A la demande du roi d'Angleterre George V et la Reine Mary, Eric Savill, inspecteur du parc de Windsor, entreprit d'éclaircir 10ha de forêt en friche pour aménager un jardin sur les deux versants d'un fond de vallon humide, d'où le nom initial du jardin "The Bog Garden". 
Photo Xavier Aubourg
Il dessina ruisseaux et petits étangs alimentés par des sources et introduisit sous le couvert des grands arbres conservés de nombreuses espèces ornementales.  Il créa ainsi un jardin forestier sauvage (woodland garden) et un jardin de marais dans un esprit très naturel. 
Photo Xavier Aubourg
Le succès du jardin fut tel que dans les années 1950 le roi George VI changea son nom en Savill Garden et Sir Eric Savill fut anobli. Fort de cette réussite on agrandit ensuite le jardin planté de différentes espèces de rhododendrons et d'azalées Kurume du Japon.
Photo Xavier Aubourg
Les plantations du jardin forestier ont été associées en fonction de leur intérêt aux différentes saisons : ainsi selon le moment on choisira de découvrir le Bois d'Eté, le Bois d'Automne... En mai 2019 nous avons évidemment privilégié le Bois de Printemps (Spring Wood) et la Promenade des Azalées (The Azalea Walk).

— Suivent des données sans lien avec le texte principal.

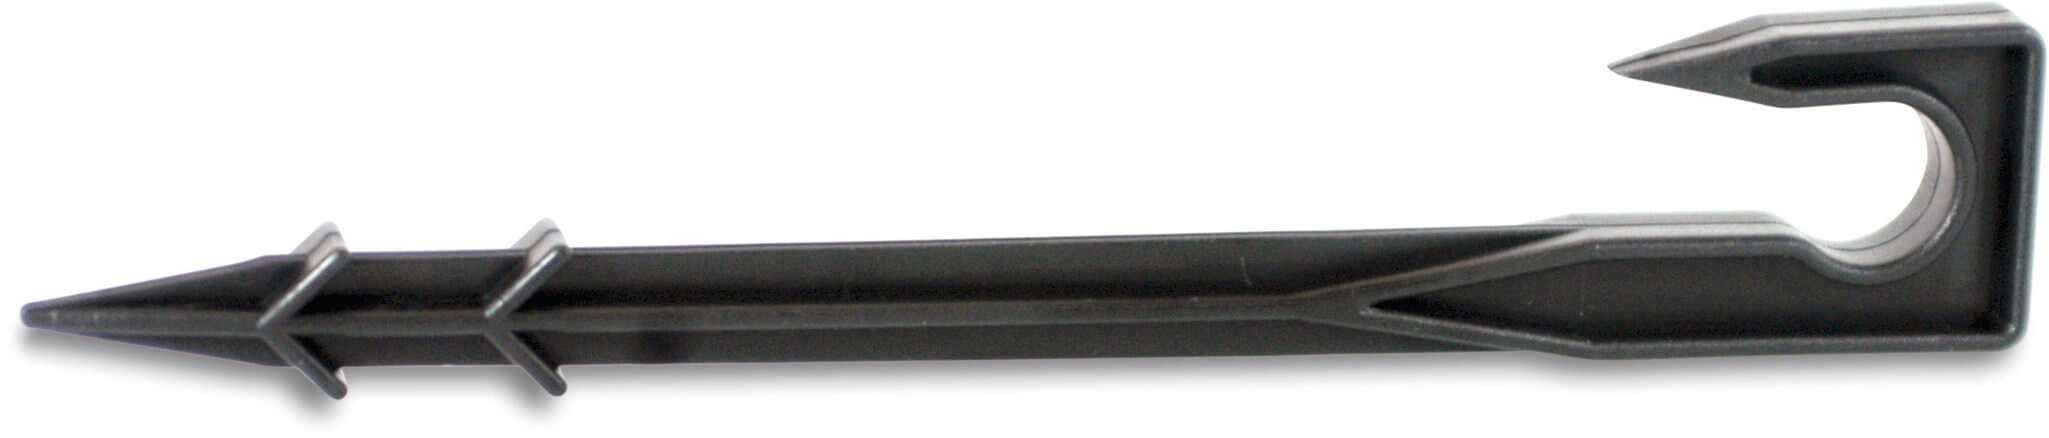 PE buis grondklem kunststof 20 mm zwart

Une harmonie de rouges plus ou moins saturés. Photo Xavier Aubourg
Les somptueux sous-bois de rhododendrons, azalées, camellias se révèlent par d'étroits sentiers, de simples allées d'un "jardin sauvage". 

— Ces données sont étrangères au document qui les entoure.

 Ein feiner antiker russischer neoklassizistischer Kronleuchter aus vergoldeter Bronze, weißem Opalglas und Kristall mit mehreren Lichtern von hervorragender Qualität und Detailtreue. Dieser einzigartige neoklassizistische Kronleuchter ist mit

 Rhododendrons et azalées étagés ici en massifs rouges, roses et blancs. Photo Xavier Aubourg
En mai bien sûr nombre de rhododendrons et azalées étaient en pleine floraison. Ayant atteint l'âge adulte, les arbustes forment de grands volumes savamment entremêlés en harmonies de couleurs. 
Les grandes espèces ont pris des dimensions immenses et les floraisons de certains sujets ne sont visibles qu'en hauteur ou de loin. 

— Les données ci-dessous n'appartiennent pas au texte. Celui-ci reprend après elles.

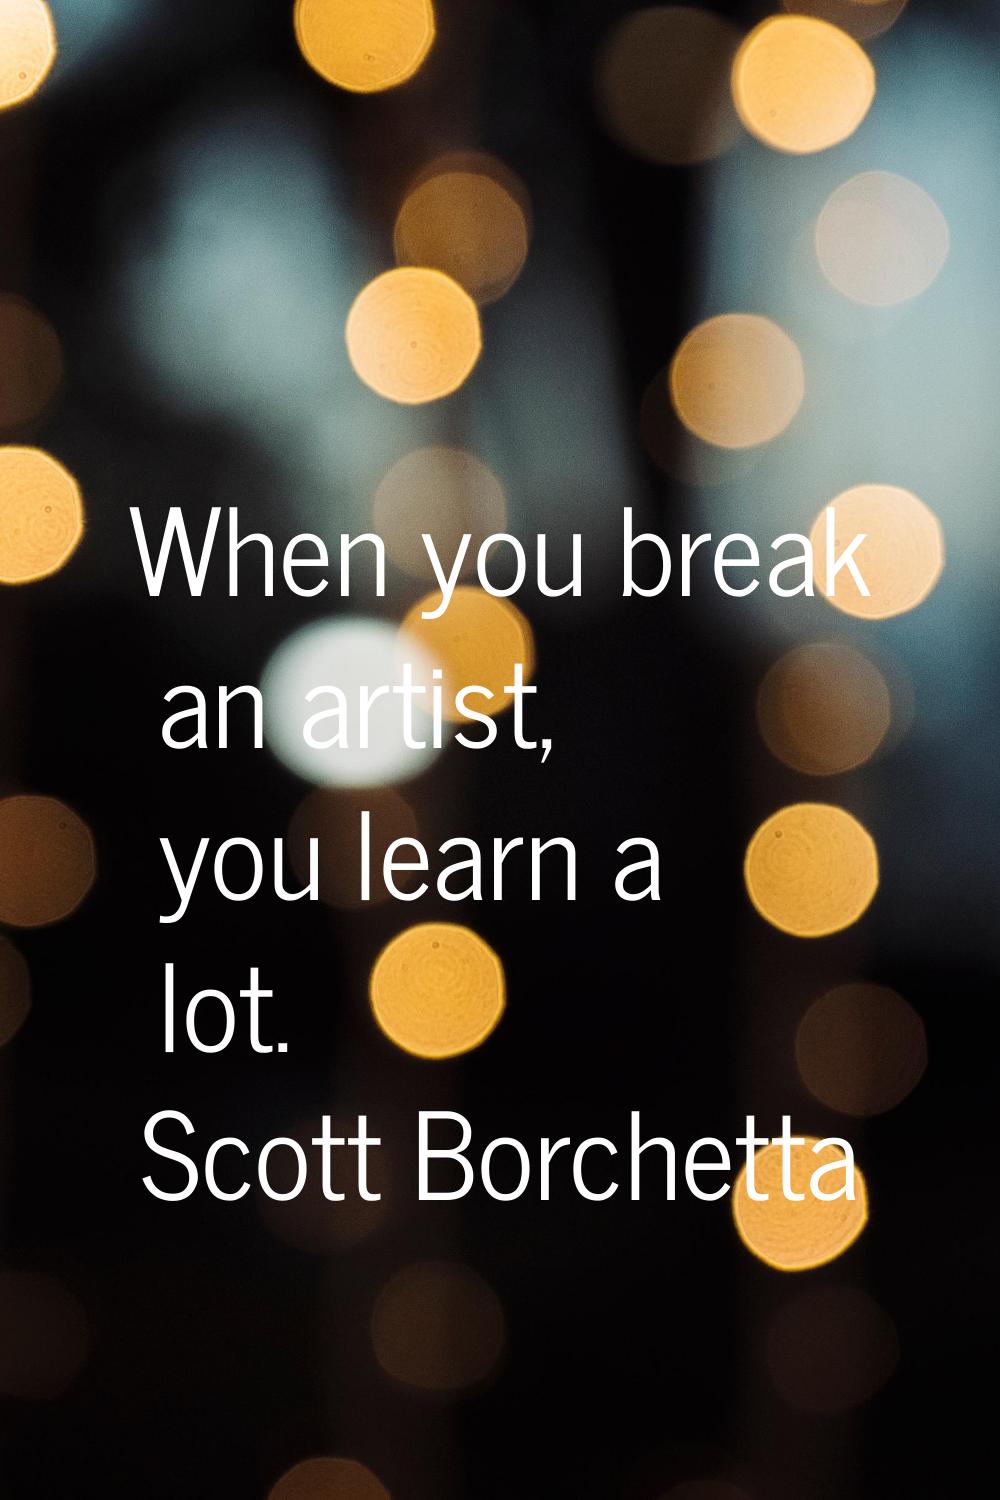 When you break an artist, you learn a lot.

Je me suis attardée (...pas la seule, Xavier  et Nadine Aubourg aussi. Merci pour les photos) sur plusieurs rhododendrons portant des fleurs "campanulées" ou en clochettes (plus gracieuses à mon sens que les rhododendrons aux grandes fleurs serrées en gros bouquets ronds et compacts). Leurs coloris sont aussi nuancés et délicats. Plusieurs noms étaient à retenir.
Le rare rhododendron Arthur Stevens
J'ai ainsi découvert le rhododendron Arthur Stevens (un hybride de r.souliei x Coronation Day).  Les boutons roses s'ouvrent en blanc avec un fin coeur rouge. Le feuillage allongé en cuiller, vert foncé, a un revers plus pâle. Le port de l'arbuste est tout sauf guindé et la hauteur moyenne, environ 2m.
  
Parmi les associations très réussies, en blanc sous un immense rhododendron loderi King George (r.fortunei x r. griffithianum) l'azalée Palestrina (une de mes préférées...).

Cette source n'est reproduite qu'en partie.